• PROBLEM DETAILS
Leaving out the images, repeat all the lines below exactly.

• DATA SEGMENT
_ _ _ _

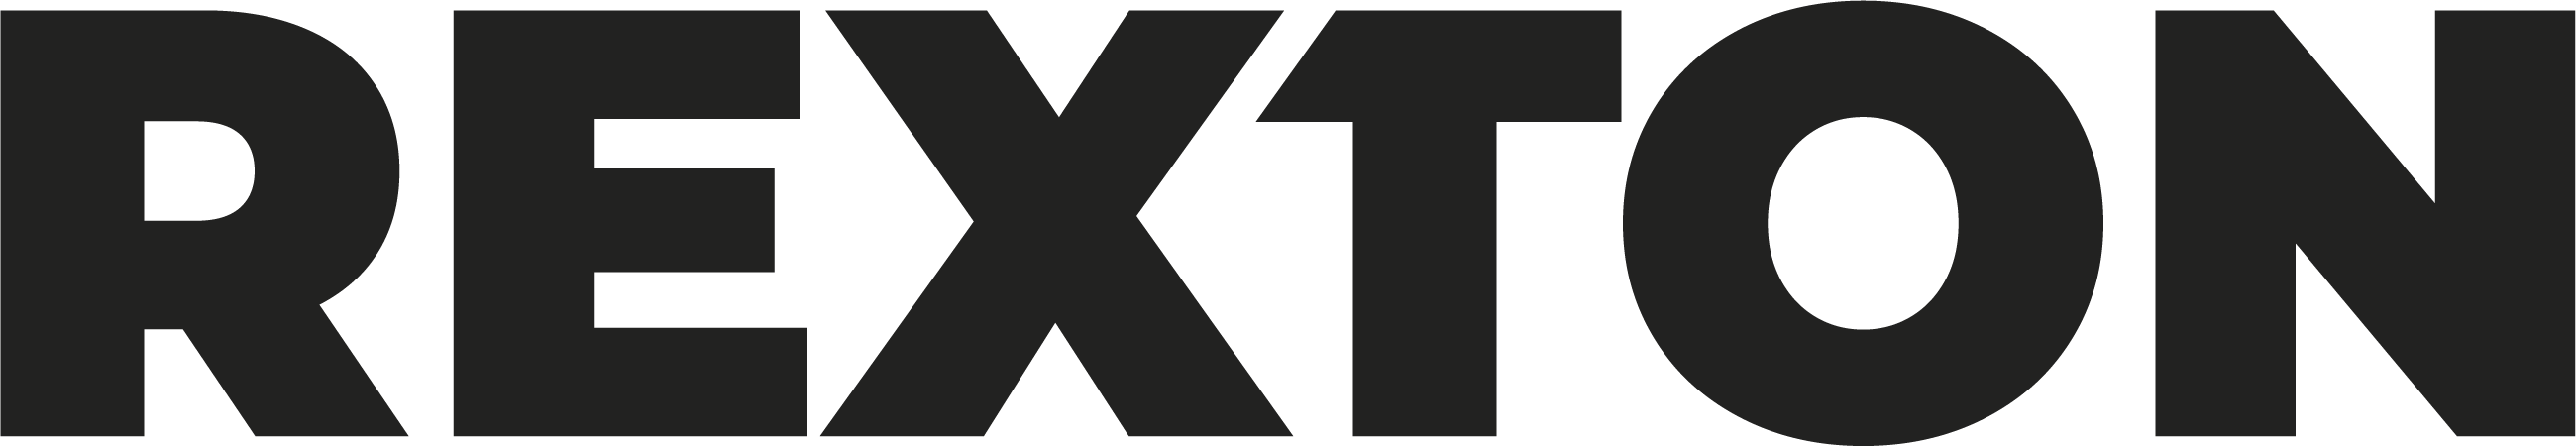 logo : REXTON
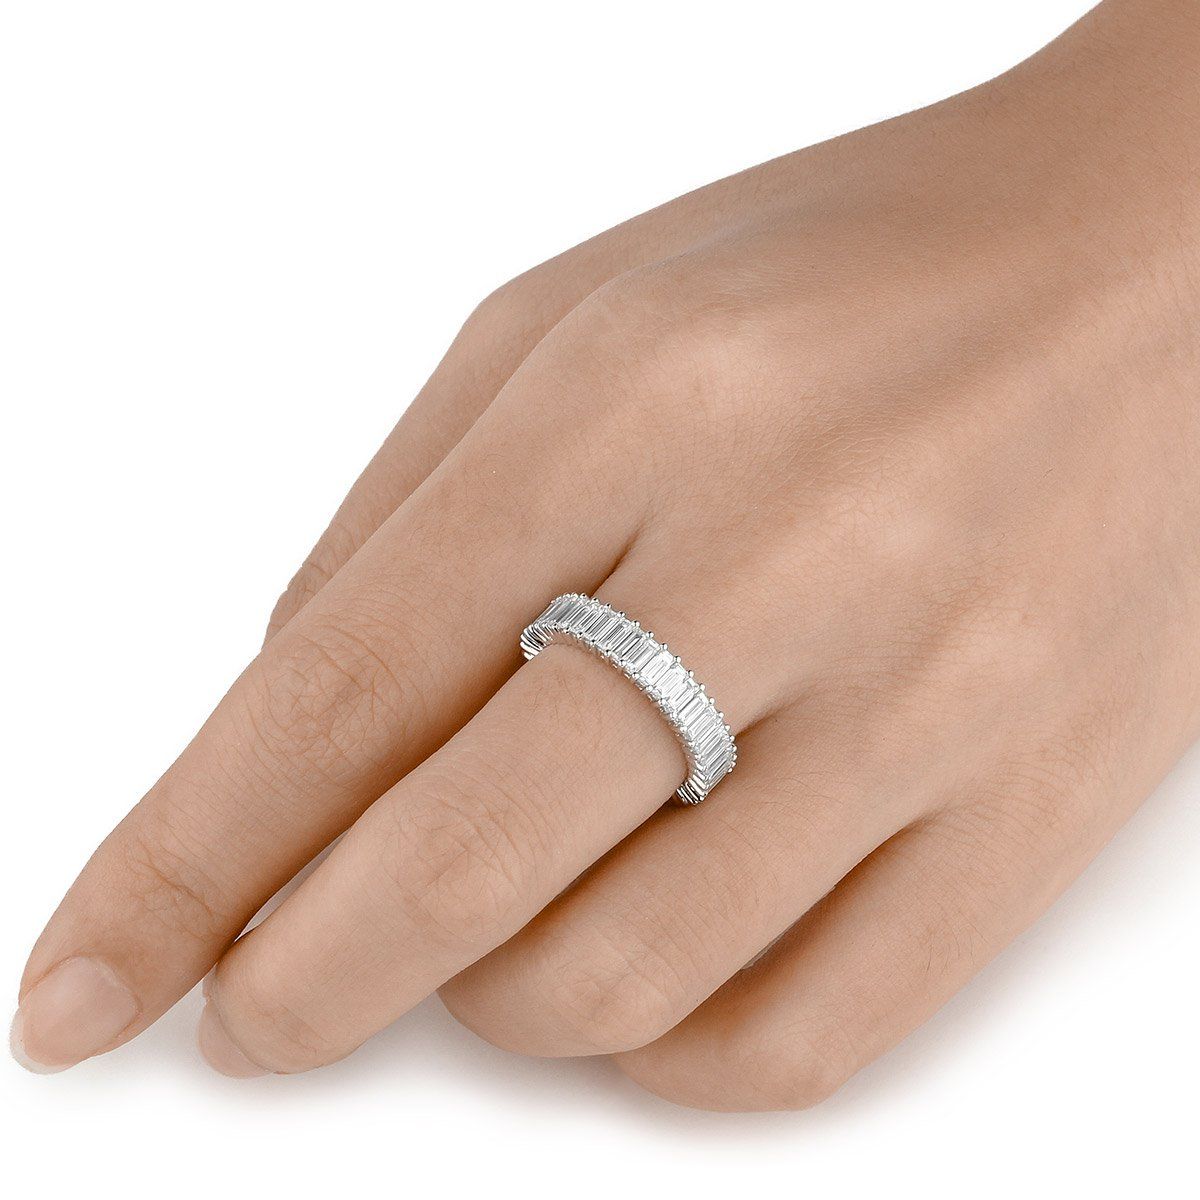  White Diamond Ring, 2.23 Ct. TW, Baguette shape
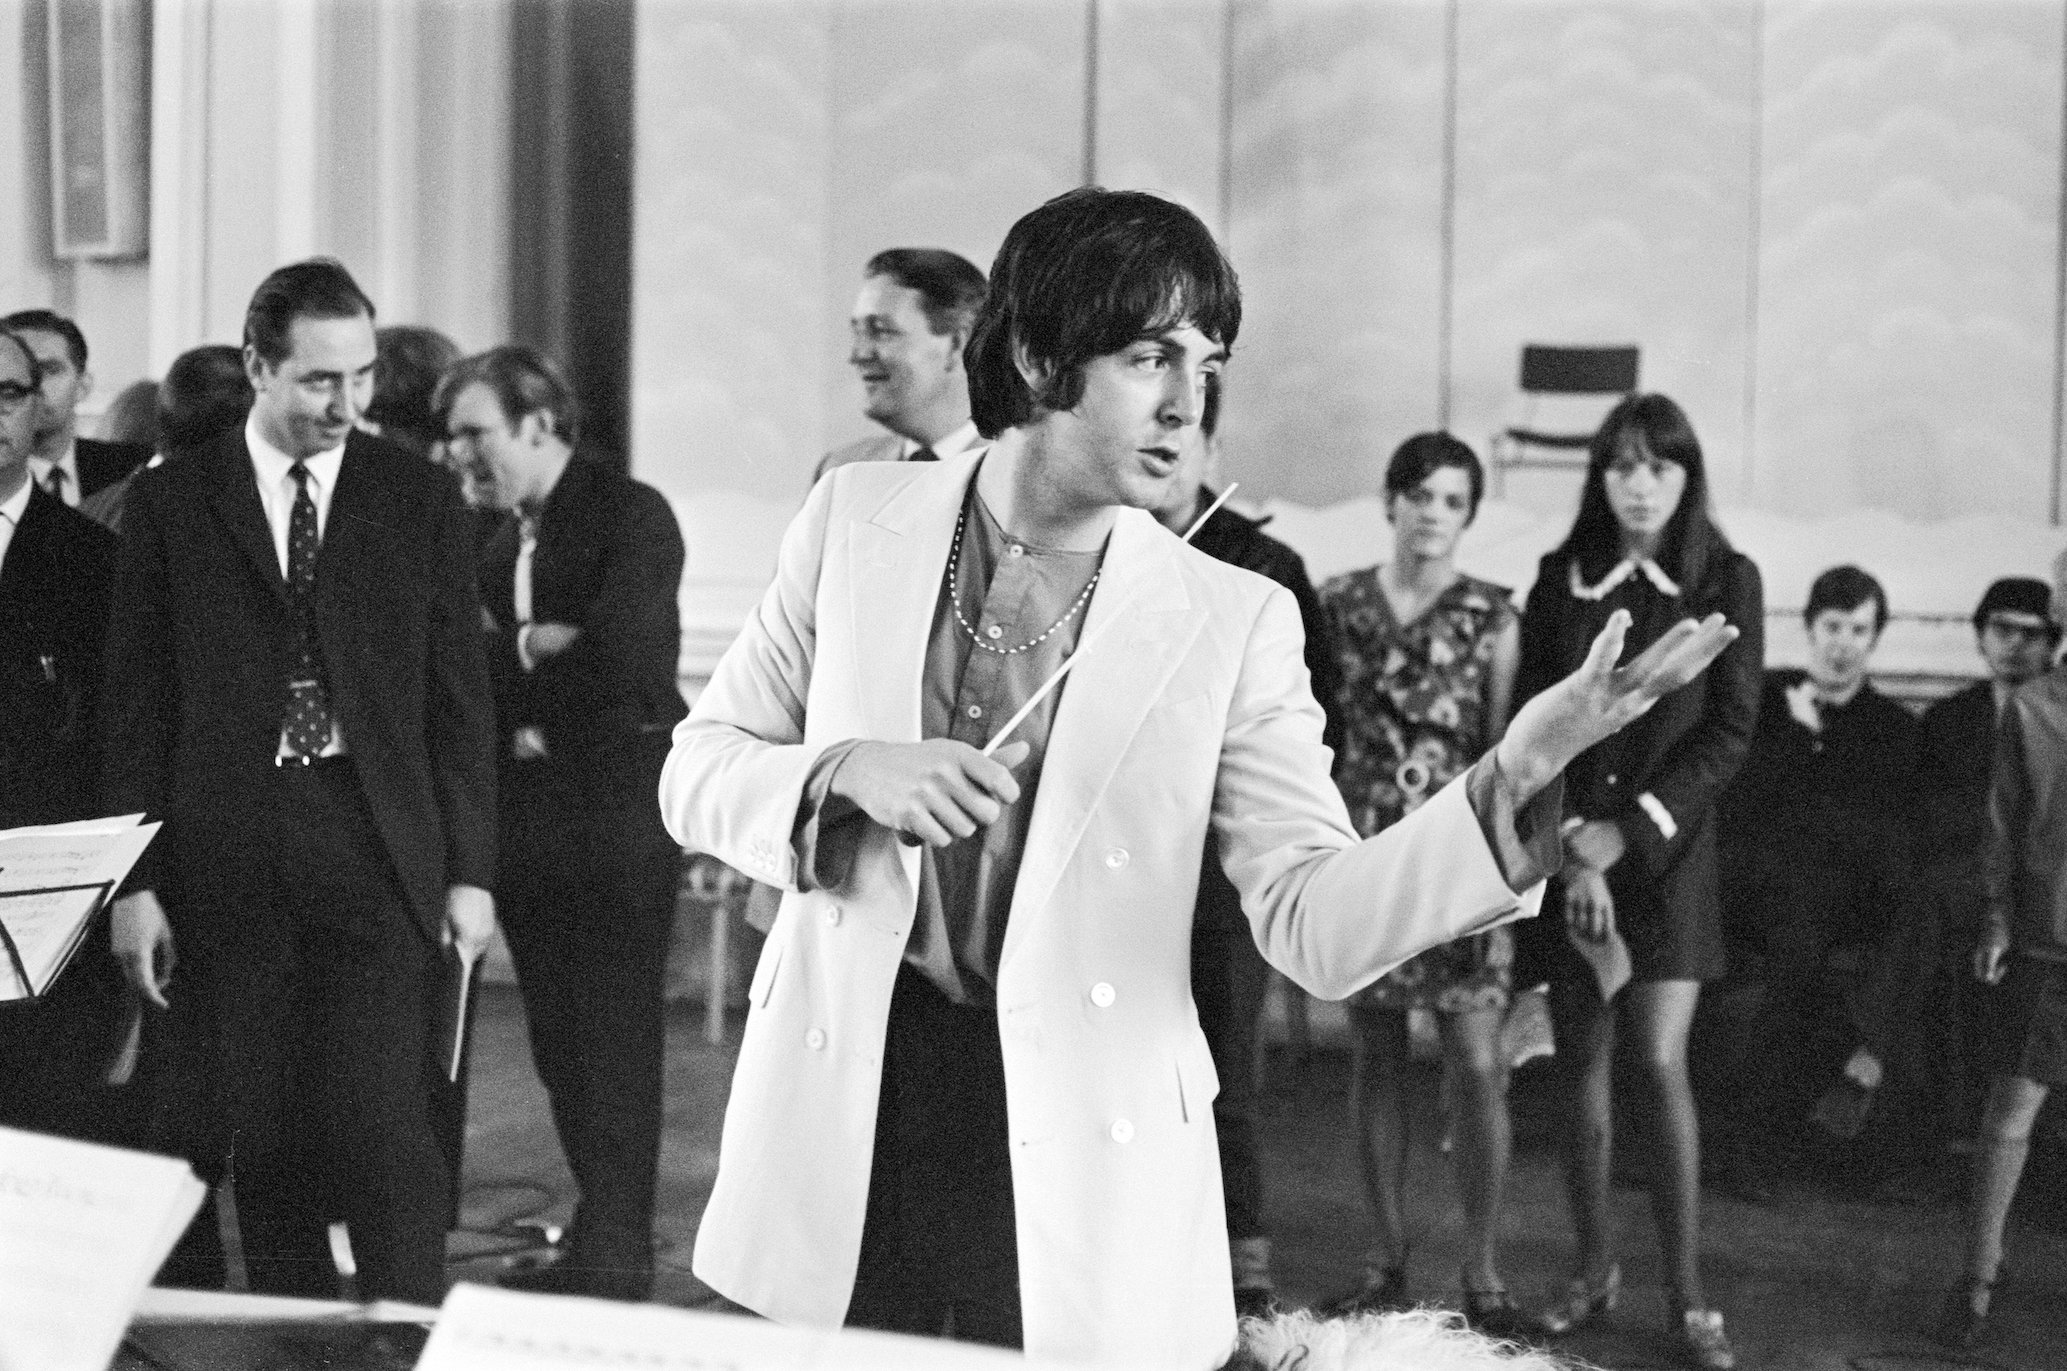 Der Beatles-Song, von dem Paul McCartney sagte, dass er das „Elvis Echo“ perfektionierte

_ _ _ _

• THE ANSWER
 logo : REXTON
  White Diamond Ring, 2.23 Ct. TW, Baguette shape
 Der Beatles-Song, von dem Paul McCartney sagte, dass er das „Elvis Echo“ perfektionierte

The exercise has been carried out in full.